By two years he could do second level work without a problem. Back the BH was not required however the pretrial test was pretty close to it at every trial. When it comes to trial time you have to be ready for “my dog never did that before” things. You have to remain cool and not get excited because the dog made a mistake. Above all you need to know the rules and exactly what is required. Don’t lose points by handler errors. 

Third level is much harder as there is a much linger and difficult track and chances are you not be at a home field. The same goes for obed and protection.

I often laid tracks in the morning on the way to work then ran them in the evening. I had a jump and wall that I carried to my training field often several times a week. 

Overall these sports are the most demanding of your time. If you are going to school I just don’t know how you would do it. When I went back to school, it was a total devotion to not only finishing but being top of the class. Lofty indeed. 5 years of 20 hour days sleep on demand. I gave up all activities other than school and work. It was a rewarding career, I still eat,live and sleep engineering. I even apply it to dog training. 

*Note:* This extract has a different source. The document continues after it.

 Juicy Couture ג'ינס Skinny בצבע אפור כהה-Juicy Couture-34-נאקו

Today I’d do the same thing. Go to school as number one priority. Spend some time at training classes learning training methods. Go to several different centers as each will have their own methods. There are lots of online videos. Be wary of force training. It old school now.
Enjoy your dog. Get good obedience training with perfect recall and you will be on your way.

Good luck.


----------



## Jax08 (Feb 13, 2009)

It totally depends on what your goals are and the time you have. Just remember that if you are not enjoying it then neither is your dog. Work the pieces as you can and you'll be able to out together the big picture.


----------



## CometDog (Aug 22, 2017)

We did our BH and AD and that was with going to Club 2 or 3 times a month. he did great. IPO 1 is in September hopefully. We work on fun segments whenever we get a chance. I work from home a lot and take him on the road with me when weather permits. Sometimes we get 10 minutes in tops, sometimes nothing. Sometimes I get a full hour plus. I run with him for exercise 3 or 4 times a week. The kids keep him busy too. 

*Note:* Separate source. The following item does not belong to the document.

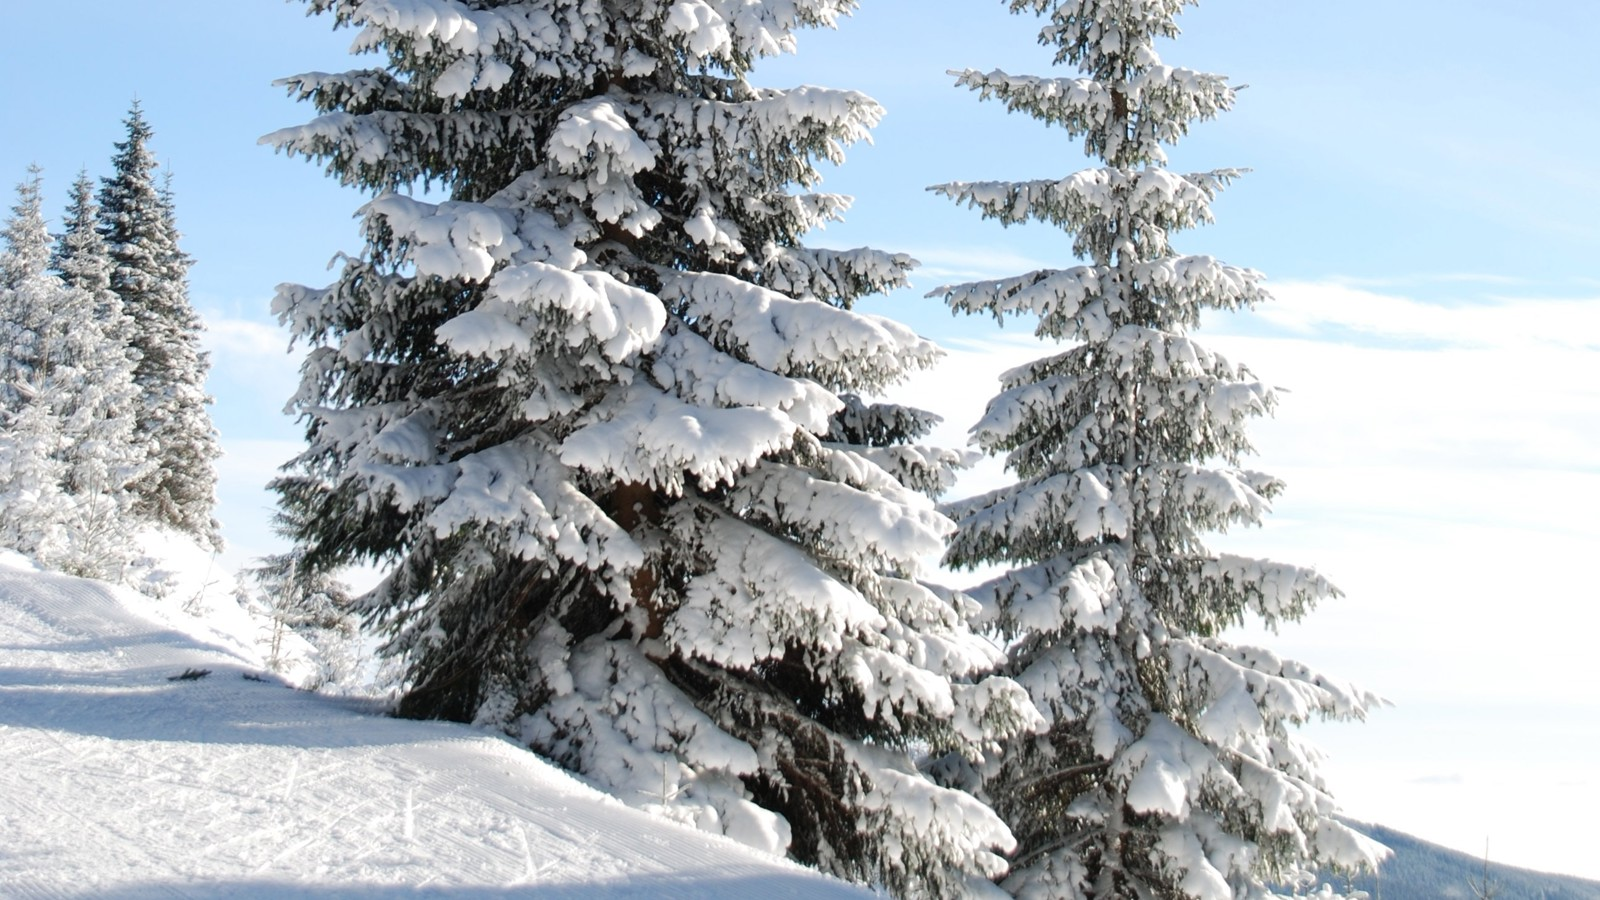 Two snow-covered fir trees on a ski slope

I know people that have fantastic dogs that work 8 hour days out of the house. I mean, you commit and make it work. If you are going to work 8 hours, then hit the gym, then come home and have to have dinner, homework with kids etc...then you are looking at strictly pet dog life. But if you set aside time and are dedicated you can make it work in blocks that do fit in with your schedule. If I am out without him on an 8 hour day, I pay the sitter to stay an extra hour, do a nice long run, and incorporate OB and some exercises during it. I live on a dead end so if I haven't gotten anything in with him I will tell my 12 year old to make sure nobody lights anything on fire for 20 minutes and I'll work a routine outside will the kids are inside. Will dinner be at 8 instead of 7:30? Yep, they will live, they aren't made of glass.

I guess motto is commit to grab it when you can, and don't lie to yourself if you want to be committed. Didn't train the dog today? Did you surf facebook for 20 minutes? That could have been brain games and a little OB right in your living room. 

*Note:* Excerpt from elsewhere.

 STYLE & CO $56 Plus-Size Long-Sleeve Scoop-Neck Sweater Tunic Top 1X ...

I made a checklist for myself. Needing to attack my career needs is a given and provide my kids with their basic needs is an absolute. My checklist for after work and kids are cared for is 
1) have I engaged with my kids (not just cared for them)? 
2) have I engaged with my dog including even 10 minutes training (not just playing with him)?
3) have I exercised? ( I try to blend 2 and 3 when I run)

The only way I forgive myself for not nailing all 3 of those is if I DIDN'T surf the net or phone.

Reason I am on the forum now is because it was a good day 

The only thing I would say is don't expect to be the best team out there if you haven't worked as hard as the others. I get on the field with early healthy retired people that have stuff set up in their garage and can do whatever they want with their dog time wise and dedication wise. I don't expect to be as skilled or as practiced as they are. I just expect to be welcome there and to enjoy and love/enjoy my dog the same. 

You don't have to qualify for regionals to enjoy the sport. I so admire that people that do, but I am super happy at a casual club level and it has really made me bond and understand a lot of things about my dog.


----------